AUC values shown as a function of scan time for the two patient BMIs with lesions present in liver and lung. Results are shown for shown separately for varying change in uptake. The measured SUV metric was SUVmean.
IV. DISCUSSION
In this study, we developed a VCT framework using patient data acquired on the PennPET Explorer to evaluate the ability of the system to detect changes in tumor uptake measurements after therapy. The focus was to assess the impact of scanner sensitivity and scan duration on the reliable detection of changes in tumor uptake, as reflected by ROC-based performance metrics. Our results demonstrate that a LAFOV scanner with 250 ps TOF resolution enables good detection of a ±25% change in tumor uptake (AUC ≥ 0.80) for scan durations as low as 1 minute. A 1–2 minute scan on LAFOV PET has been shown to be comparable to a 10–16 minutes scan in a conventional whole-body PET scanner with similar TOF capability [30, 31]. Since a short scan time can also be equated as reduced injected activity, our results demonstrate that in a LAFOV PET scanner we can reliably measure a ±25% change in tumor uptake with lower injected dose to the patient, making serial scans post-therapy more practical.

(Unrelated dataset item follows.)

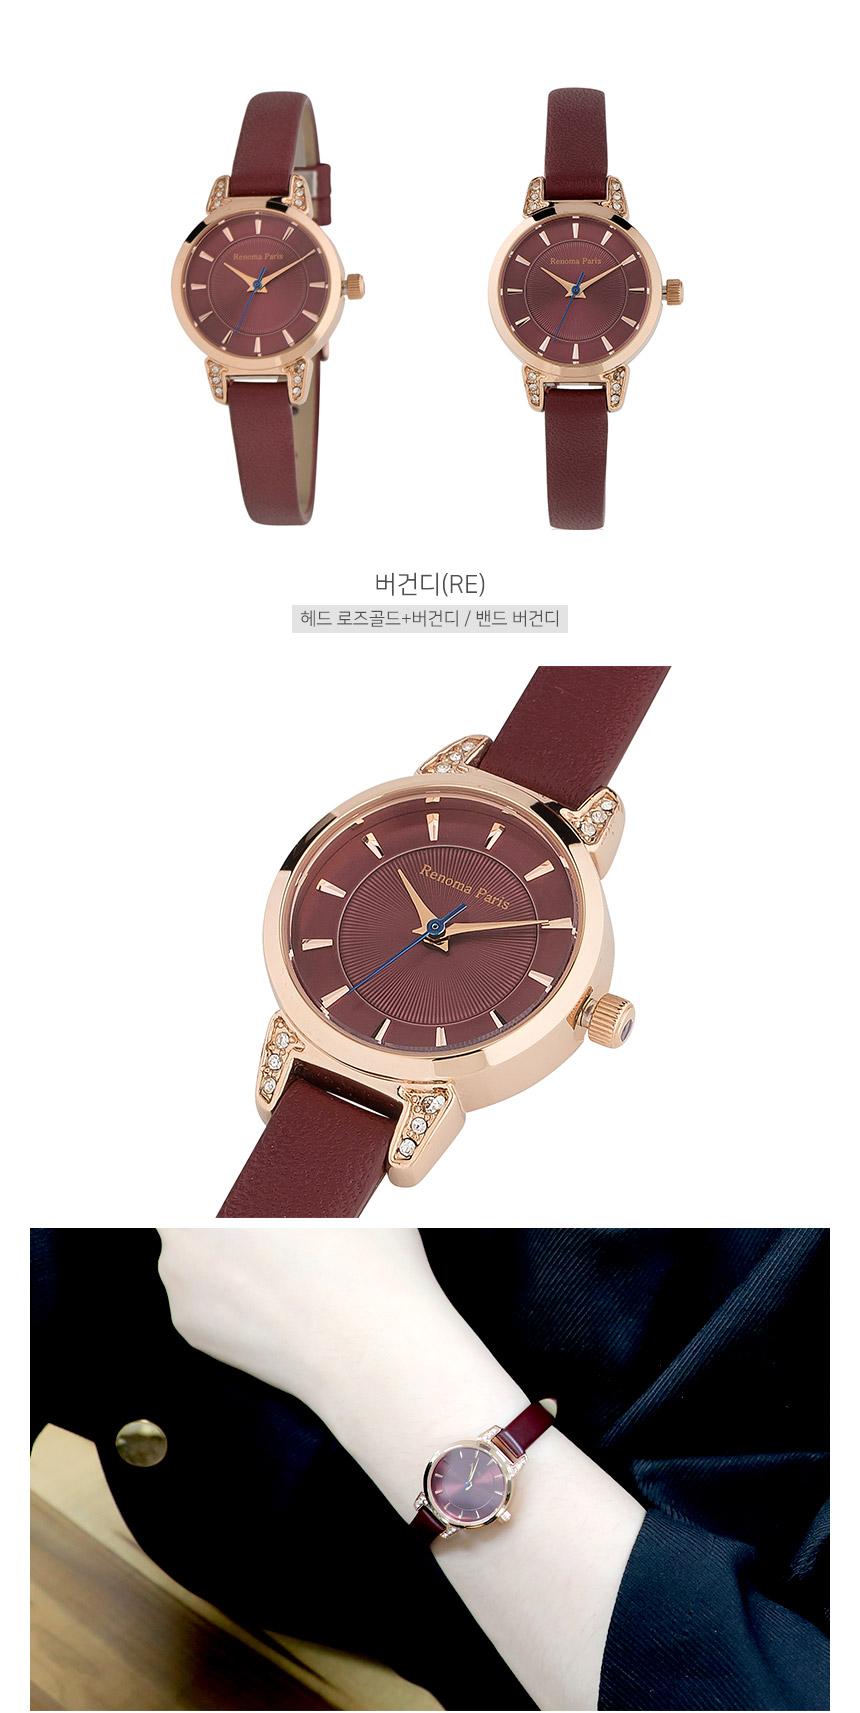 RE485 여성가죽시계/본사직영/본사AS - 란쯔, 178,000원, 여성시계, 가죽시계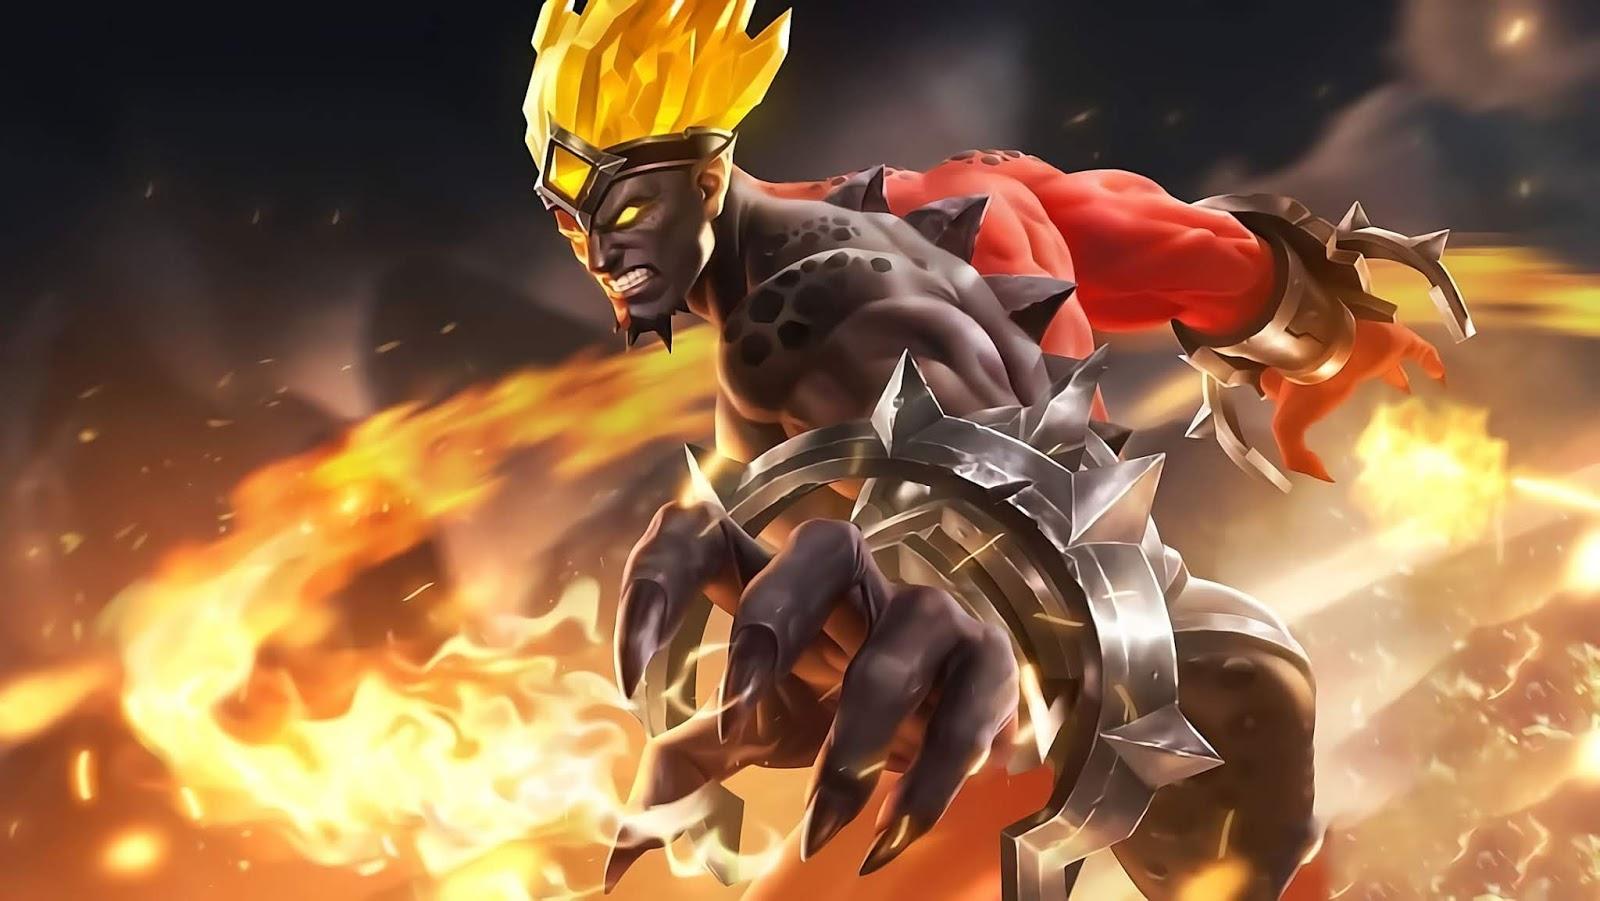 Wallpaper Gord Professor of Hell Skin Mobile Legends HD for PC

Our conclusions are also relatively insensitive to the patient size (range BMI 21–36) and two types of SUV measures (SUVmean and SUVmax) that we used in our work. This is particularly important in clinical settings, as it suggests that the response prediction performance of the scanner remains robust across a wide range of patient body compositions. In clinical practice, both SUVmean and SUVmax measures have strengths and limitations. SUVmean is generally more robust to statistical noise, making it particularly reliable for low-count or short-duration scans, whereas SUVmax can be more sensitive to local hotspots or outlier voxels, which may lead to higher variability under noisy conditions. Therefore, while SUVmax can highlight the most intense region of uptake, SUVmean provides a more stable measure of average lesion activity, which is advantageous when evaluating small lesions or performing serial post-therapy comparisons with reduced scan time or injected activity. While a comparison between SUVmean and SUVmax was performed for a representative case—demonstrating comparable AUC values within error margins—all subsequent results presented in this work are based on SUVmean. This choice reflects the practical advantages of using SUVmean for well-defined spherical lesions and is consistent throughout the study. Comparing performance across the two organs studied here (lung and liver), we find that the AUC values are systematically higher in the liver compared to the lung, indicating better performance for detecting response in liver lesions. However, due to a lower pre-therapy uptake in the lung, a 25% change in the lung tumor uptake corresponds to a 10% change in the liver tumor uptake when considering the absolute change in uptake. Our results in Fig. 7 indicate that the AUC values for ±25% Δuptake in the lung are similar to ±10% Δuptake in the liver, indicating that the AUC results are not dependent on the organ (and its background uptake), but instead are more a function of the absolute change in lesion uptake that is related to the measured SUV.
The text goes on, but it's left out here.